I’ve scraped pretty much the entire project and started over. The project is now called Quartz becuase it’s similar to the vaporware (?) Basalt python library described here. I thought that quartz is a nice name because it haZ all da Qool LetterZ and also because I initially tried to make it plotting-agnostic and something one could use just to draw figures. It turns out that supporting non-trivial plots actually required the whole thing to be plot-oriented, but now it’s too inconvenient to change the name.

The basic idea is that Quartz converts your instructions on how to draw a plot into linear progamming constraints, which it then solves using my Dantzig library (very unstable, and only supports Linux at the moment). Dantzig uses an open source linear programming solver which is bundled as a binary in the source.

Unfortunately, once part of your program is based on constraint solving, then all your program must be based on constraint solving, which means that there is no compatibility between Quartz and Playfair. I believe that constraint solving is probably more extensible and even composable, but it’s definitely a bit harder to implement than the naïve version.

One of the good parts is that although I still use typst as a rendering engine, I now perform all layout calculations in Elixir based on the text dimensions returned by Typst (determining text layout is impossible in Elixir, but actually very easy in Typst). You’re not meant to be able to query typst for object dimensions, but it’s very easy to do by intentionally raising an exception inside typst and then parse the error logs. The fact that just before generating the typst code you have access to all object dimensions might be useful in the futuren for some “post processing” just before sending the output to typst.

Because it was so hard to reimplement everything in constraint solving, I can’t actually show a full plot yet, but I can show the outside decoratios of a plot (the actual data would go into the central square delimited by the solid lines. The dotted lines are the boundaries of the canvases into which Quartz divides the image.
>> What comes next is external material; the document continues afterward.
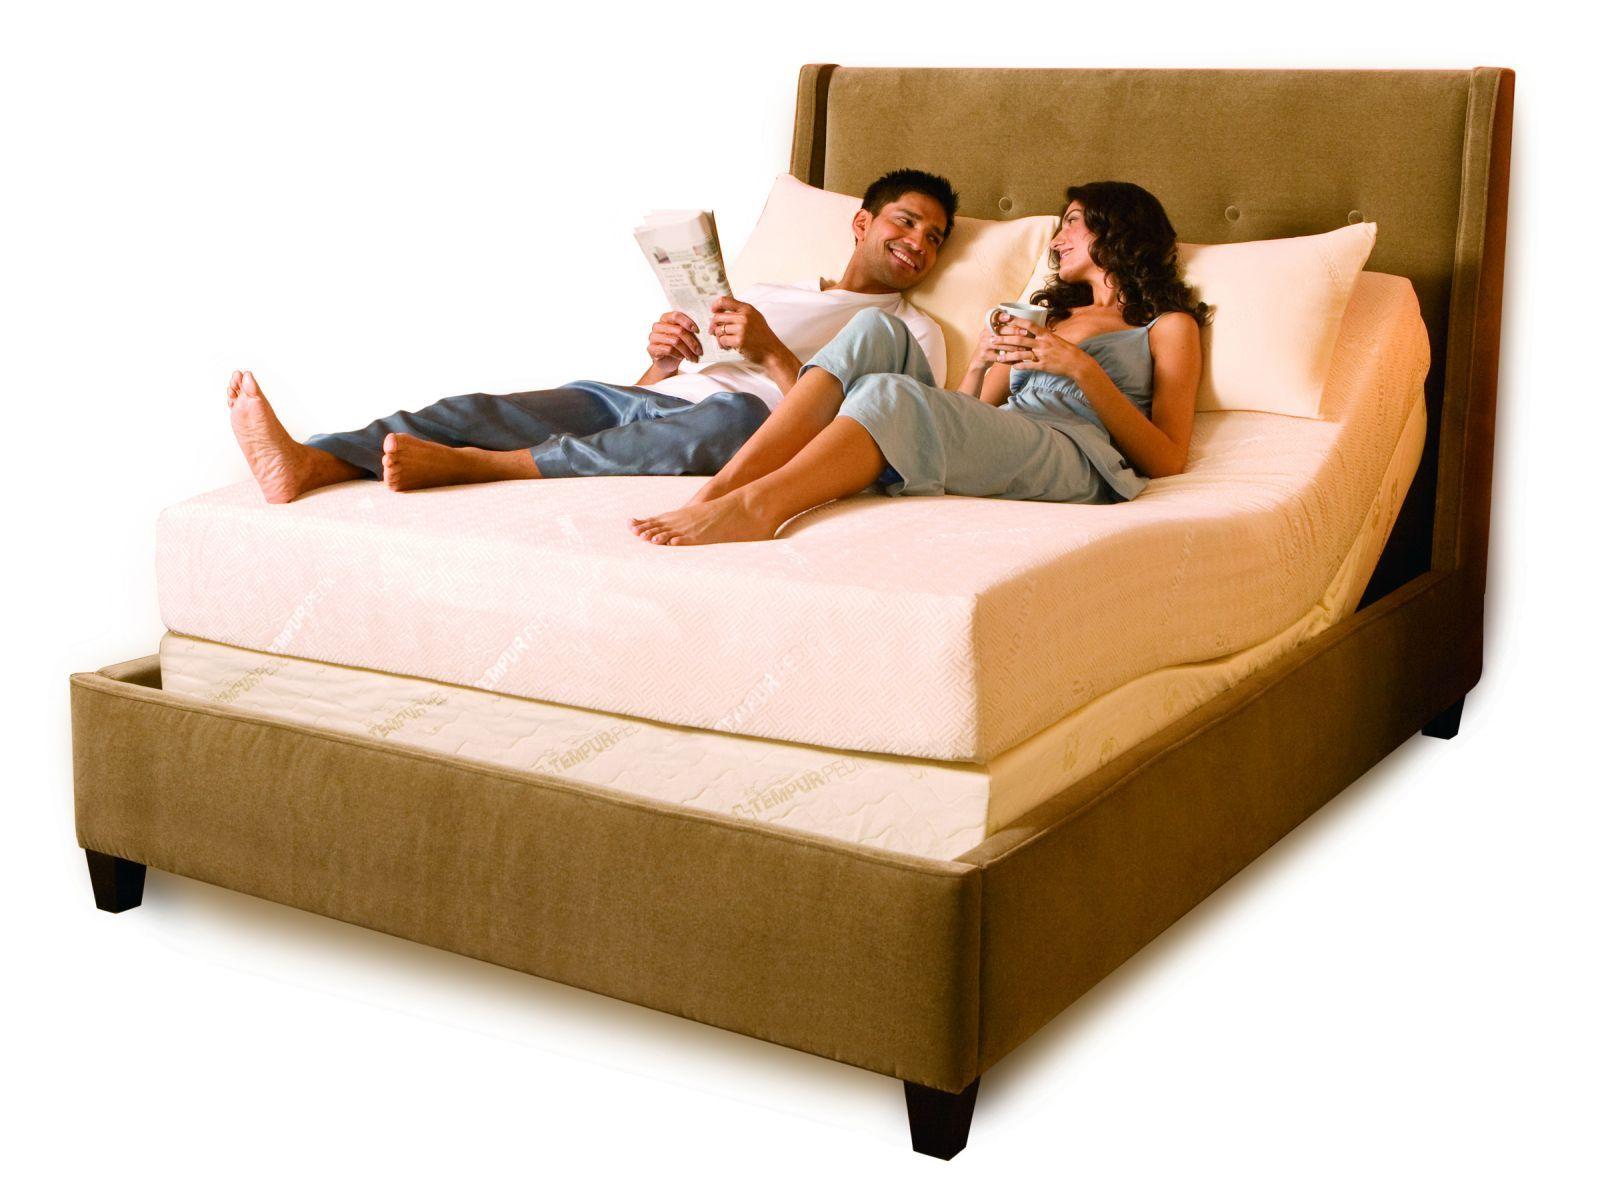 Beauty Adjustable Bed Frame Adjustable bed frame
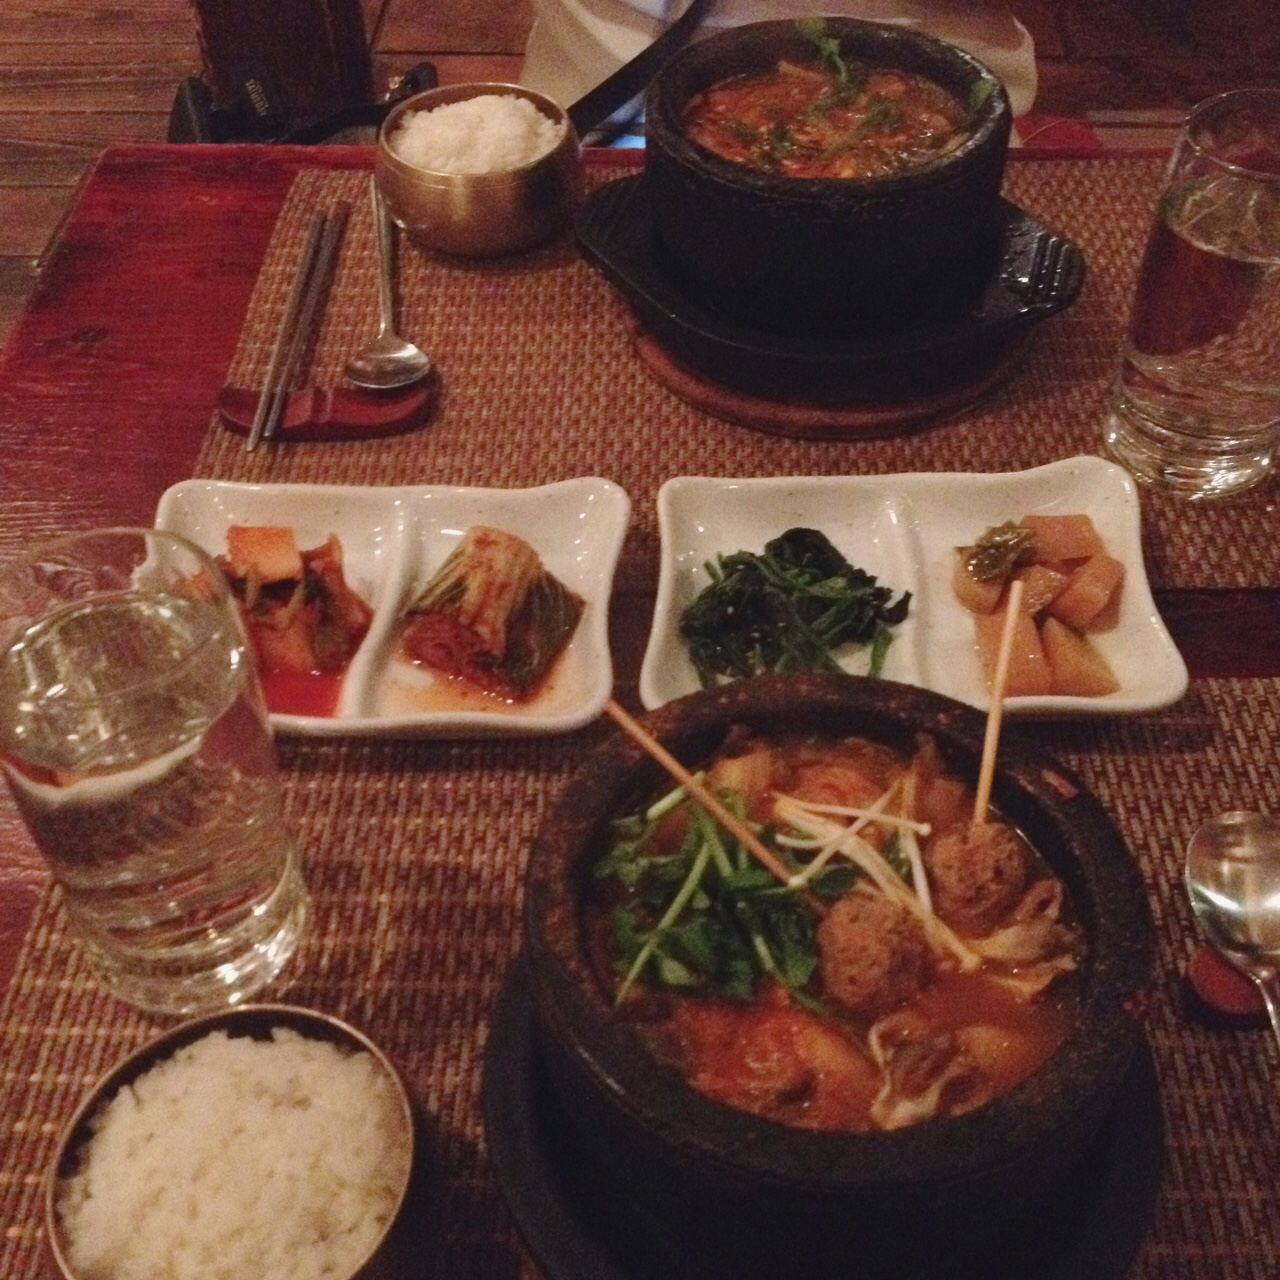 Mongolian Hot Pot & Tofu Kimchi Hot Pot, Hangawi

A very preliminary example of two plots side by side, with proportions specificed by the user:

The source code thath generates the figure above:

  def example() do
    use Dantzig.Polynomial.Operators
    alias Quartz.Figure
    alias Quartz.Plot2D
    alias Quartz.Length

    figure =
      Figure.new([width: Length.cm(16), height: Length.cm(6)], fn fig ->
        figure_width = fig.width

        _plot_task_A =
          Plot2D.new(id: "plot_task_A", left: 0.0, right: 0.55 * figure_width)
          # Use typst to explicitly style the title and labels ――――――――――――――――――――――――――――――――
          |> Plot2D.put_title("A. Task A")
          |> Plot2D.put_axis_label("y", "Y-label")
          |> Plot2D.put_axis_label("x2", "X2-label")
          |> Plot2D.put_axis_label("x", "X-label without $math$")
          |> Plot2D.finalize()

        _plot_task_B =
          Plot2D.new(id: "plot_task_B", left: 0.55 * figure_width + Length.pt(8), right: figure_width)
          # Use typst to explicitly style the title and labels ――――――――――――――――――――――――――――――――
          |> Plot2D.put_title("B. Task B")
          |> Plot2D.put_axis_label("y", "Y-label")
          |> Plot2D.put_axis_label("x2", "X2-label")
          |> Plot2D.put_axis_label("x", "X-label (with  math: $x^2 + y^2$)", text: [escape: false])
          |> Plot2D.finalize()
      end)

    Figure.render_to_pdf!(figure, "example.pdf")
  end

Unlike Playfair, in which almost everything is pure and referentially transparent, with very little use of the process dictionary, Quartz is an imperative monster which invisibly builds a linear program behind your back inside the process dictionary. It does try to hide this fact very well. As a user, you never need to know that anything is happening inside the process dictionary. It does make it very hard to generate plots in parallel, though (but it’s definitely something I could address in the future).

Plans for the future

The fact that Quartz has access to a linear programming solver means I can have more advanced layouts almost for free, and it makes it very easy to deal with variables whose value is substitued later (it’s basically lazy evaluation implemented on top of a linear programming solver). The main problem is that Quartz may raise an error if you tell it to draw something impossible. Supposedly, this can only be triggered by the user if the user tries to draw a figure which is too small for the fixed-size elements it contains.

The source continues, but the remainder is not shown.